2019.8.16 アカエイ無情

ここ3回の出漁で4人、アカエイに刺されました。
毎年誰かしら刺されるものの、短期間に4人も刺されたのは初めてです。
別に例年に比べ格段にアカエイが多いという訳でもないのに、何故なのか?
考えてみると、刺された4人のうち2人は今年の4月に入った新人だし、他の2人は今までに刺されたことがなかったので、エイに対する警戒心が薄かったのかもしれません。

刺された新人の一人が言いました。
「最初、他の人が刺されて痛がっているのを見た時、内心、ちょっと大げさに痛がりすぎじゃないの?と思っていました。
しかし自分が刺されて、その痛みがよくわかりました。」
もう何回も書いてますが、アカエイの毒はほんとに痛いのです。
4人のうち1人は手をやられ、3人は長靴ごしに足を刺されました。
エイの鋭い毒針の前では、長靴の2mm程度のゴム厚など紙切れも同然なのです。

アカエイは増加傾向にあり、今後も網に入ってくるのは確定事項なので、なにか防御策を考えねばなりません。
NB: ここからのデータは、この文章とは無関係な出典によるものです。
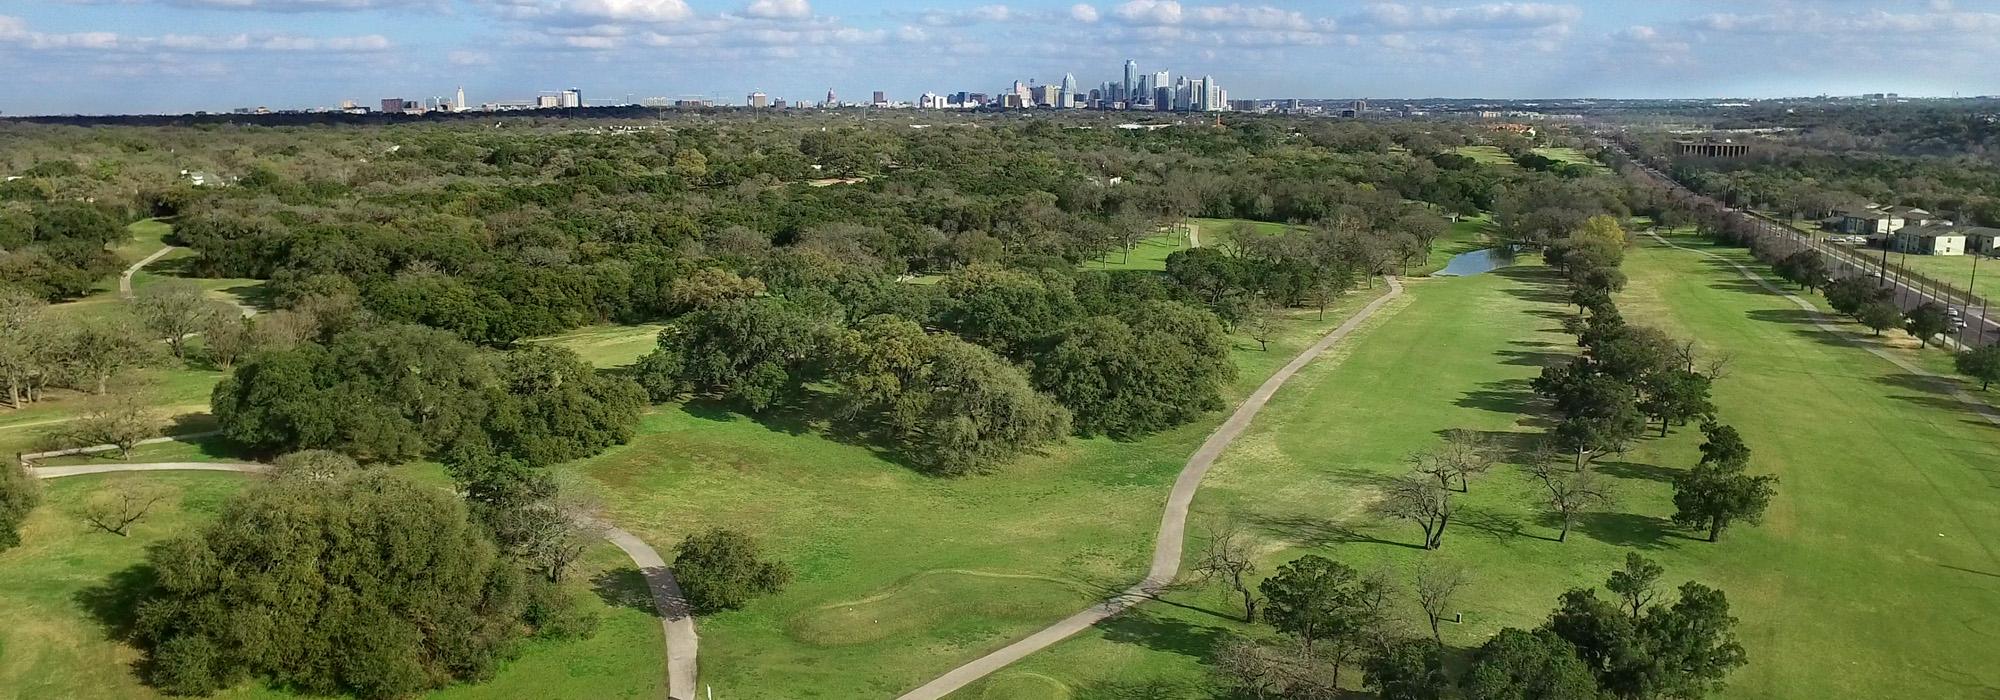 Lion's Municipal Golf Course, Austin, TX

エイに刺されるパターンで一番多いのは、足元にいるのに気づかずに踏んでしまい、攻撃されるというものです。
エイを踏んでしまうと、その瞬間に尻尾が跳ね上がって毒針を刺されます。攻撃される場所は、すね、ふくらはぎ、足の甲、足の甲の両サイドなど、ほぼヒザから下のあらゆる部分が狙われます。

私達が普段使っている長靴は難なく貫通される為、なにか、プロテクター的なものが入っている長靴が売っていないか探しましたが、あるのは、つま先のみを防御する安全靴だけでした。
そりゃまあそうですよね。「アカエイの針を防御できるような、全体が固い長靴」なんて、需要が少なすぎて商売にならないでしょう。

ときに、どのような材質でどれほどの厚みであれば毒針を防げるのか、私が持っている針で色々なものを刺して試してみました。
この針は座布団くらいの大きさのエイのものです。
写真を撮ったのは実験を終えてからだったので、先端が欠けてしまっています。ほんとはもっと鋭いです。

プラ板0.3ミリ(クリアファイル) 難なく貫通
ビールのアルミ缶 余裕で貫通
牛皮手袋 垂直に刺すと貫通
4ミリ厚の皮 刺さらない
コーヒーのスチール缶 針の先端が折れた

皮手袋が簡単に貫かれたのは予想外でした。
斜めに当たると力が流れて刺さらないのですが、垂直に刺すと軽い抵抗の後、ブスッと刺さりました。

まあ結果としては鉄板が最強ということでした。
鉄製の長靴があればエイに刺されることはないでしょう。
しかしそんなものはありません。あったとしても海じゃ錆びるし。

次点で効果が高かった厚い皮。
カウボーイが履いているような、ヒザ近くまであるような革製のブーツは、防御力が高そうです。
でも考えてみたら、皮って濡れると柔らかくなるんですよね。なんかこれも貫通されそうです。
後はまあ、スキーの時に履くようなごついブーツとか。あれなら毒針も弾いてくれるでしょう。
しかし、機動性は最悪だなあ。

かように個人的に色々と昔から考えてはみるのですが、なかなかうまい対策がおもいつきません。

かくして今宵もまた、東京湾のどこかで、エイに刺された漁師の悲鳴が響き渡るのでしょうなあ。